- [Exercise details] What should come back is the data below, word for word, minus any picture.

- [Given data]
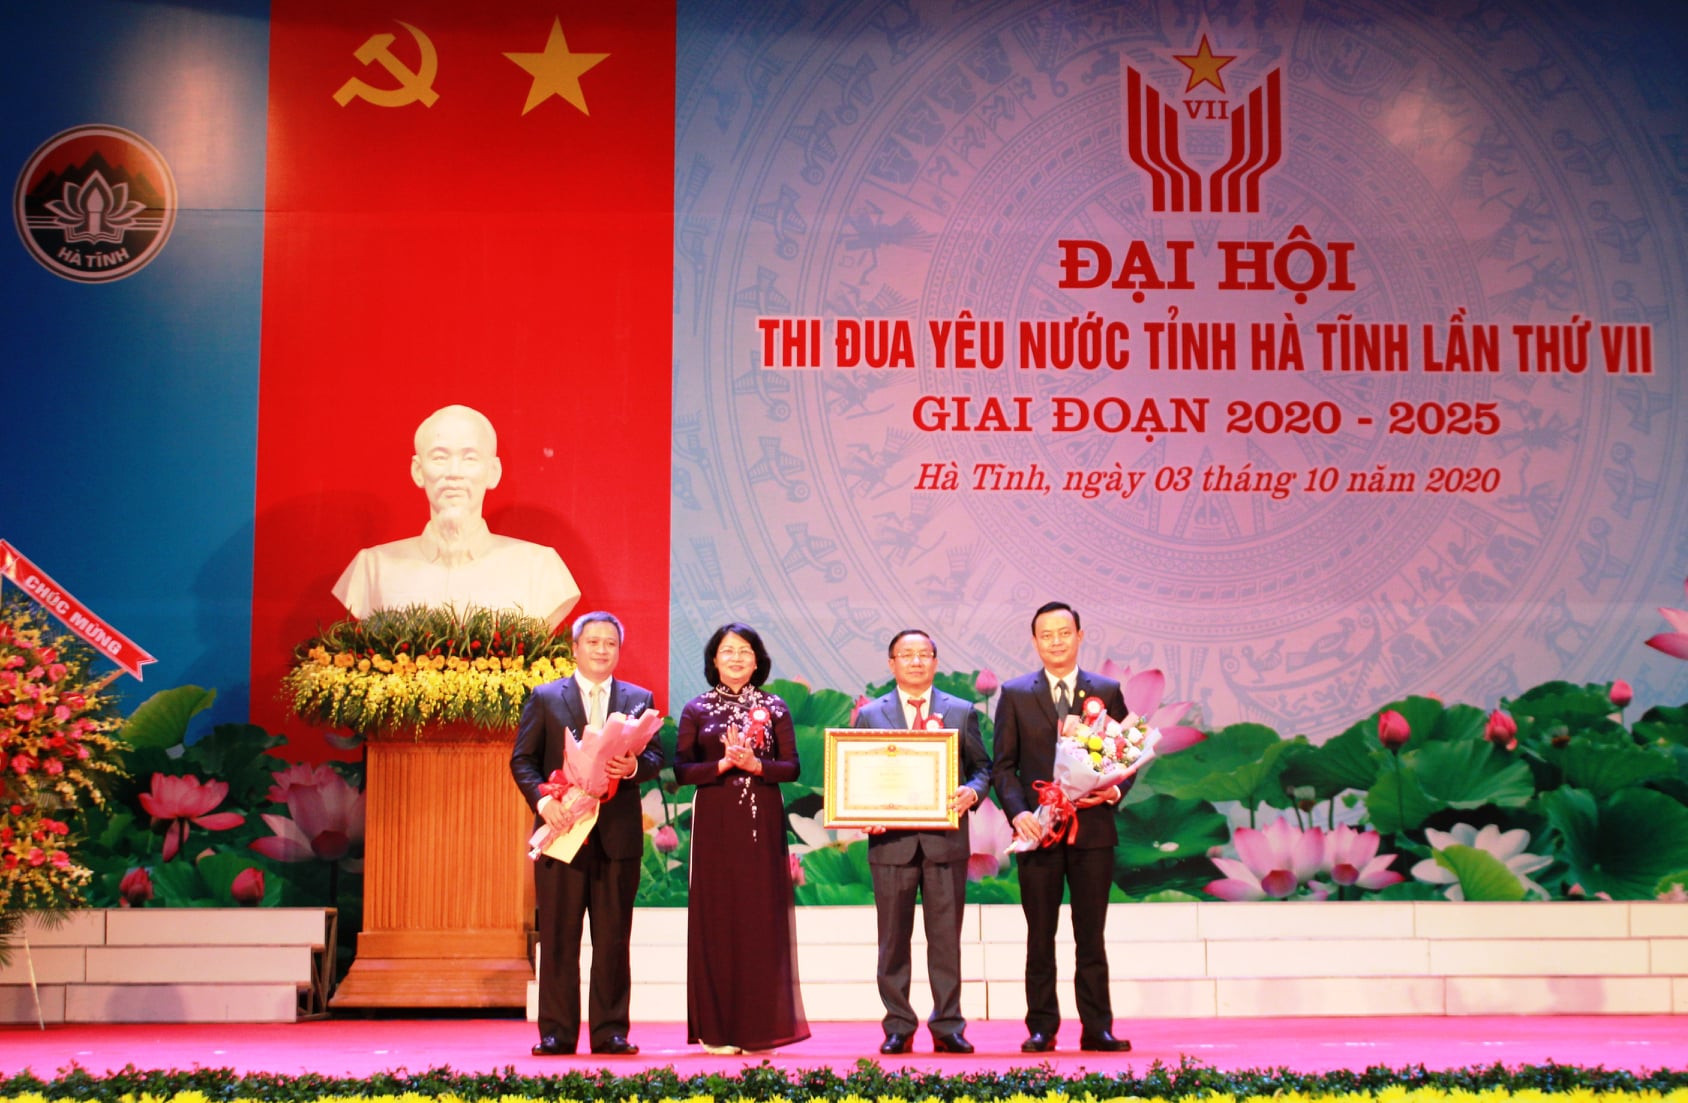 Đại diện cho Đảng bộ, chính quyền và Nhân dân tỉnh Hà Tĩnh nhận bằng khen của Thủ tướng Chính phủ do Phó Chủ tịch nước Đặng Ngọc Thịnh trao tặng.
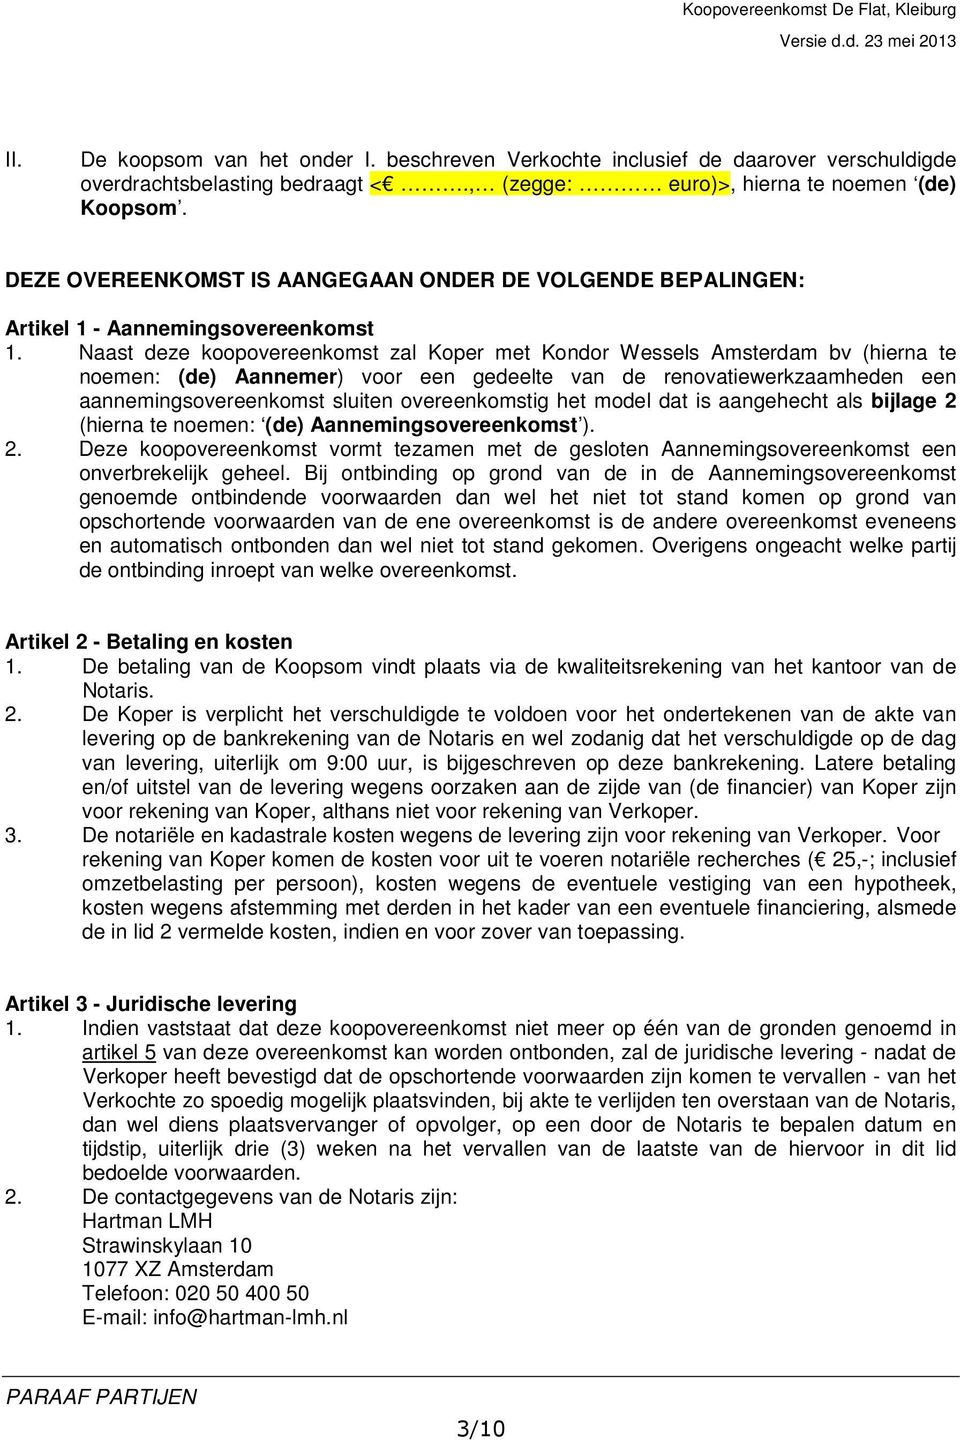 Naast deze koopovereenkomst zal Koper met Kondor Wessels Amsterdam bv (hierna te noemen: (de) Aannemer) voor een gedeelte van de renovatiewerkzaamheden een aannemingsovereenkomst sluiten
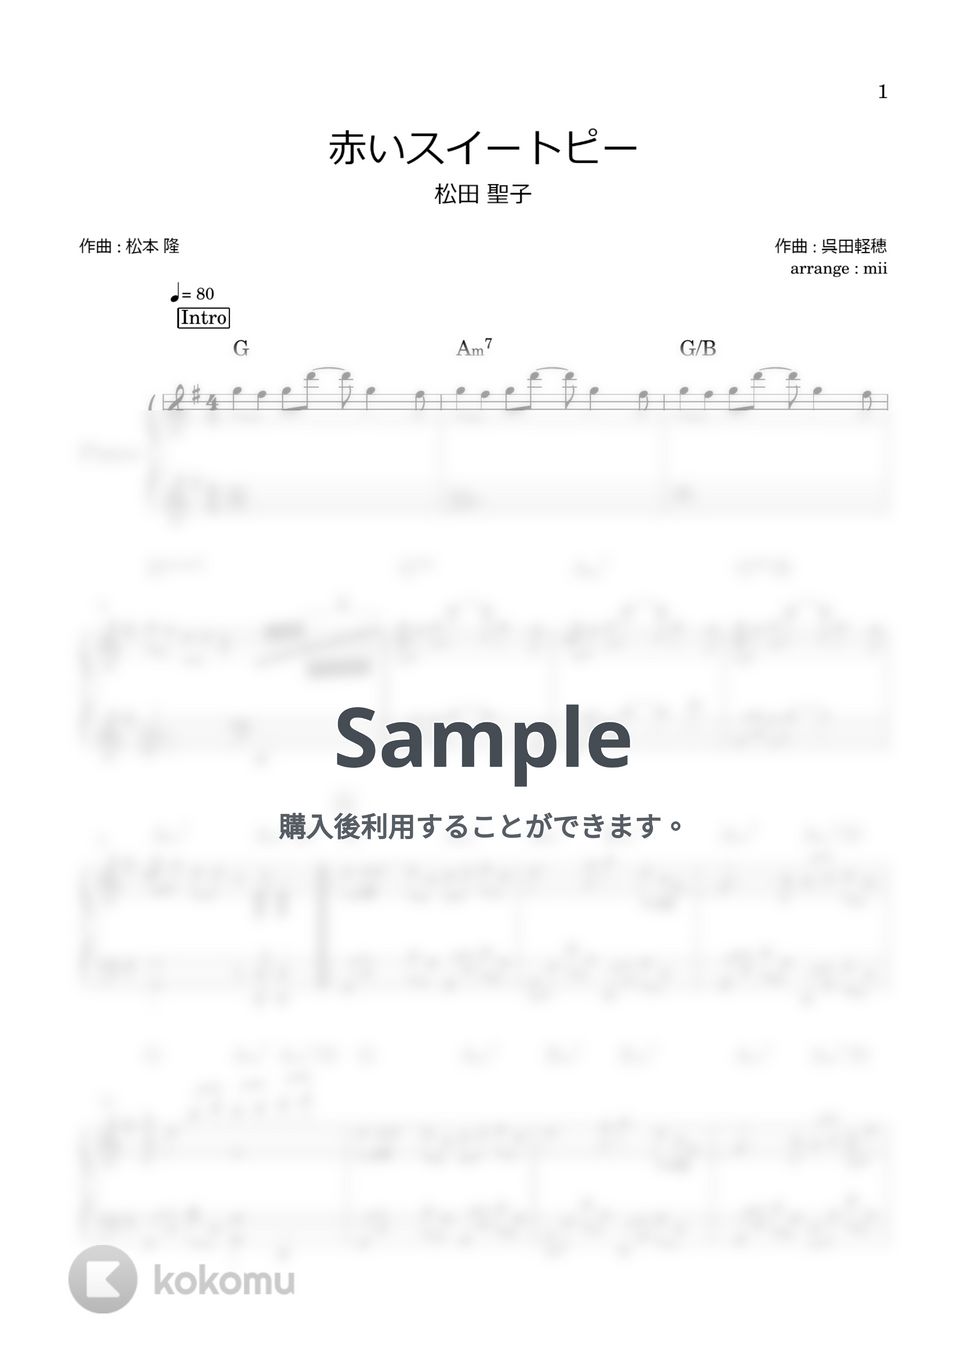 松田聖子 - 赤いスイートピー by miiの楽譜棚
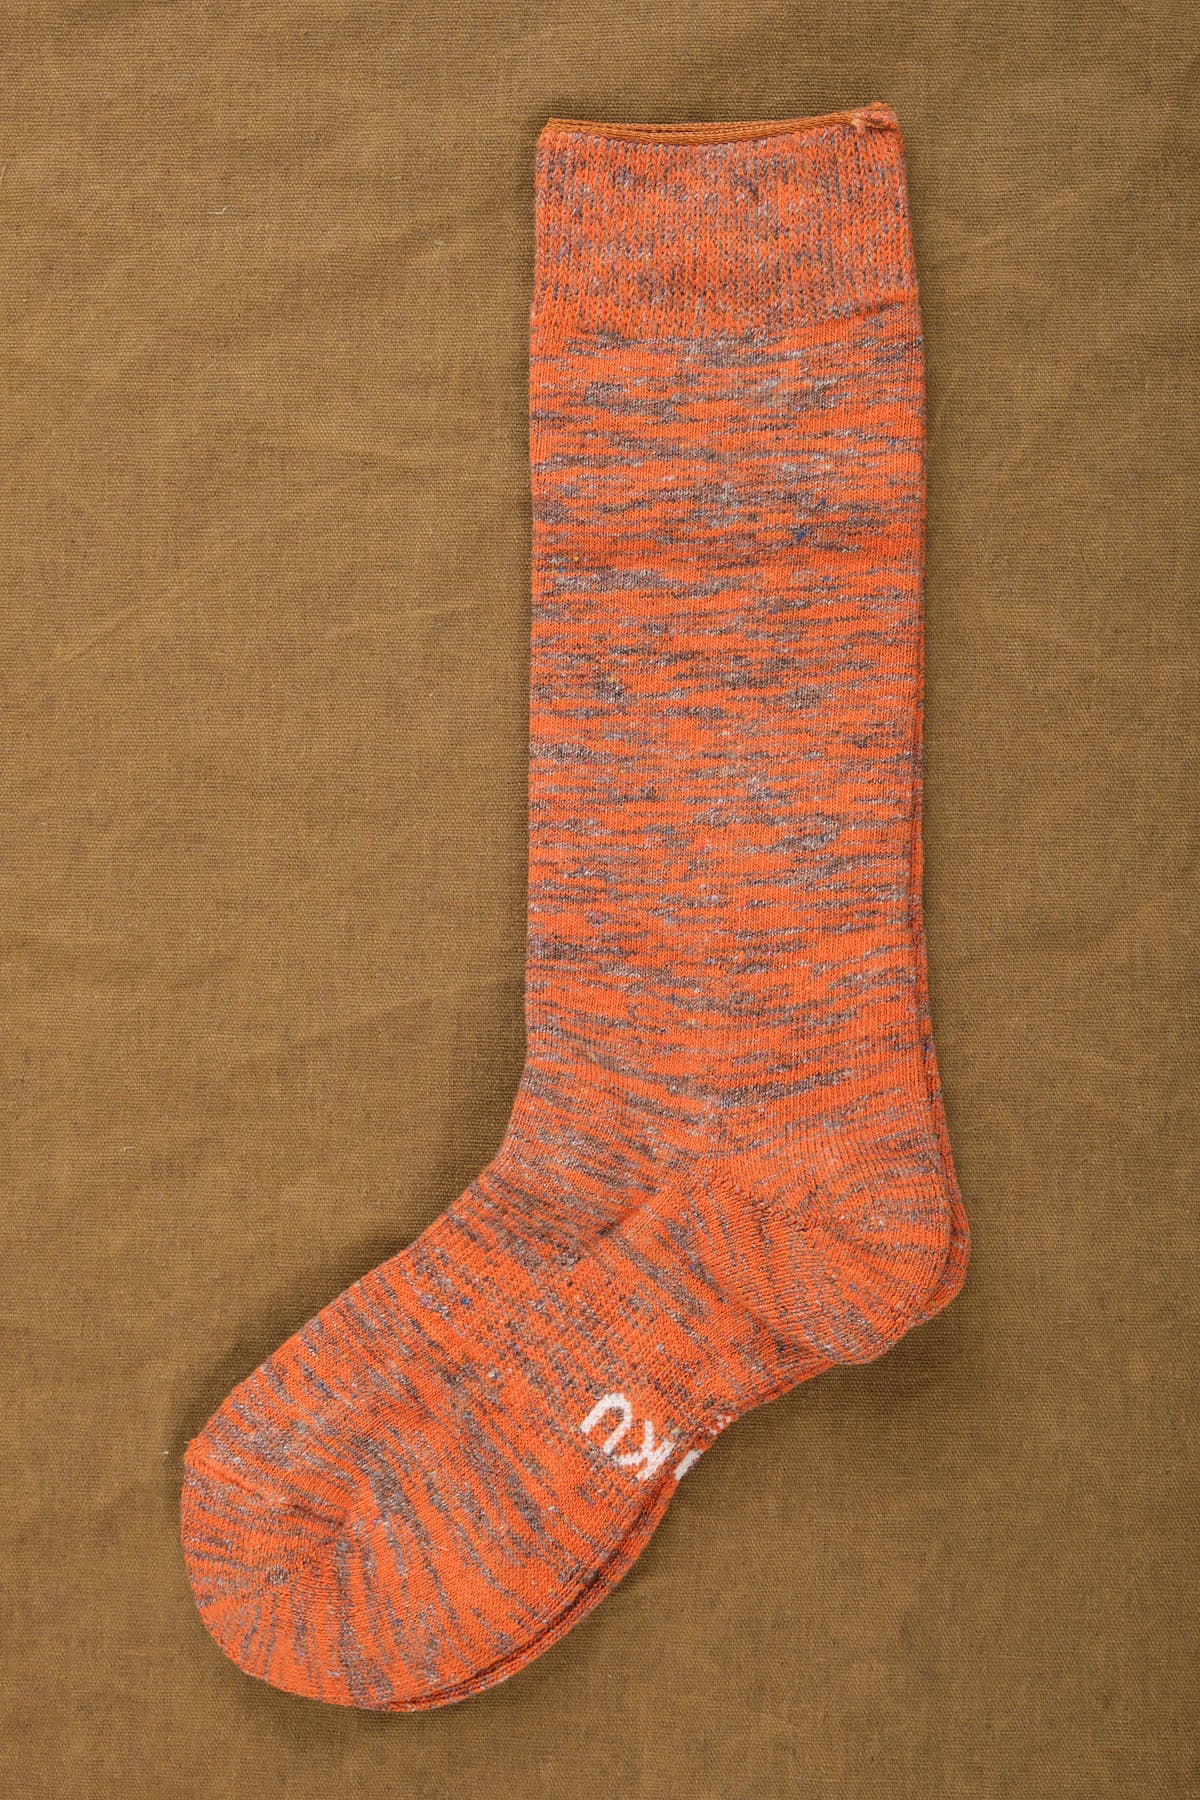 Kontex Moku Socks in Orange

- [Final answer]
 Đại diện cho Đảng bộ, chính quyền và Nhân dân tỉnh Hà Tĩnh nhận bằng khen của Thủ tướng Chính phủ do Phó Chủ tịch nước Đặng Ngọc Thịnh trao tặng.
 Naast deze koopovereenkomst zal Koper met Kondor Wessels Amsterdam bv (hierna te noemen: (de) Aannemer) voor een gedeelte van de renovatiewerkzaamheden een aannemingsovereenkomst sluiten
 松田聖子 - 赤いスイートピー by miiの楽譜棚
 Kontex Moku Socks in Orange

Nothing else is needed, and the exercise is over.